The next rule for cultivating a peaceful frame of mind after following the Golden Rule, being kind to yourself and exercising is to turn inward – literally.
Three thousand years ago, our internal organs and systems were still largely a mystery. Yogis referred to our insides as our energy body: the parts that keep us alive.
People understood the rudimentary mechanics: food, liquids, and fresh air are converted into fuel and circulated throughout our body via blood while our brain communicates with the rest of our body through a system of nerves – but the science of exactly how that’s accomplished hadn’t been verified.
People also understood the primary functions of our larger, more critical organs and system components: our brain, heart, voice box, digestive and reproductive organs, and that they’re linked through our circulatory and nervous systems; specifically, that arteries carry enriched blood in one direction while veins carry depleted blood in the other – and that thoughts are transmitted energetically between our brain and body via a separate system of nerves.
Yogis figured out that we can affect the functioning of our internal organs and systems by manipulating our diaphragm like a bellows – by controlling the rate and depth of our breaths.
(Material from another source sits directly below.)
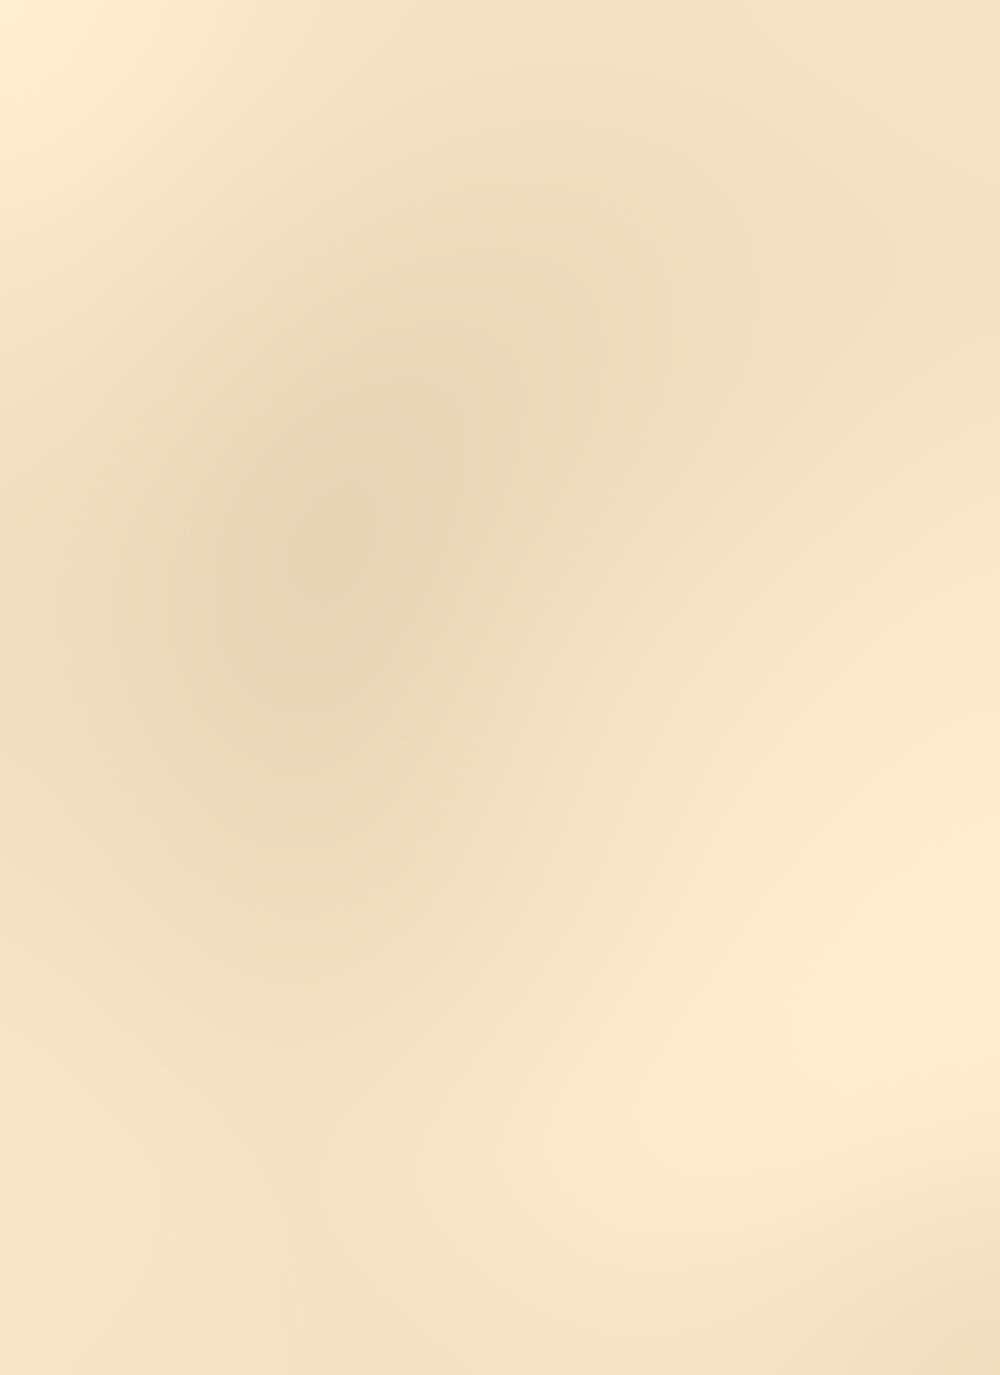 Devine Custard Deluxe Swatch 8-by-11

Your diaphragm is a large flat muscle that serves as the floor of the upper chamber of your abdomen, which contains your lungs and heart within your rib cage, and the ceiling of the lower chamber your abdomen, your stomach, which contains your digestive and reproductive organs, contents and systems.
As you breathe, your diaphragm moves up and down within your abdomen – pulled down to draw oxygen into your lungs, and pulled up to push carbon monoxide out [fun fact: its the only muscle in your body which you can pull in opposite directions]. The practice of controlling the rhythm, depth and subtleness of your breathing stimulates nerve and organ function and blood flow and is very soothing, reducing physical and mental distress.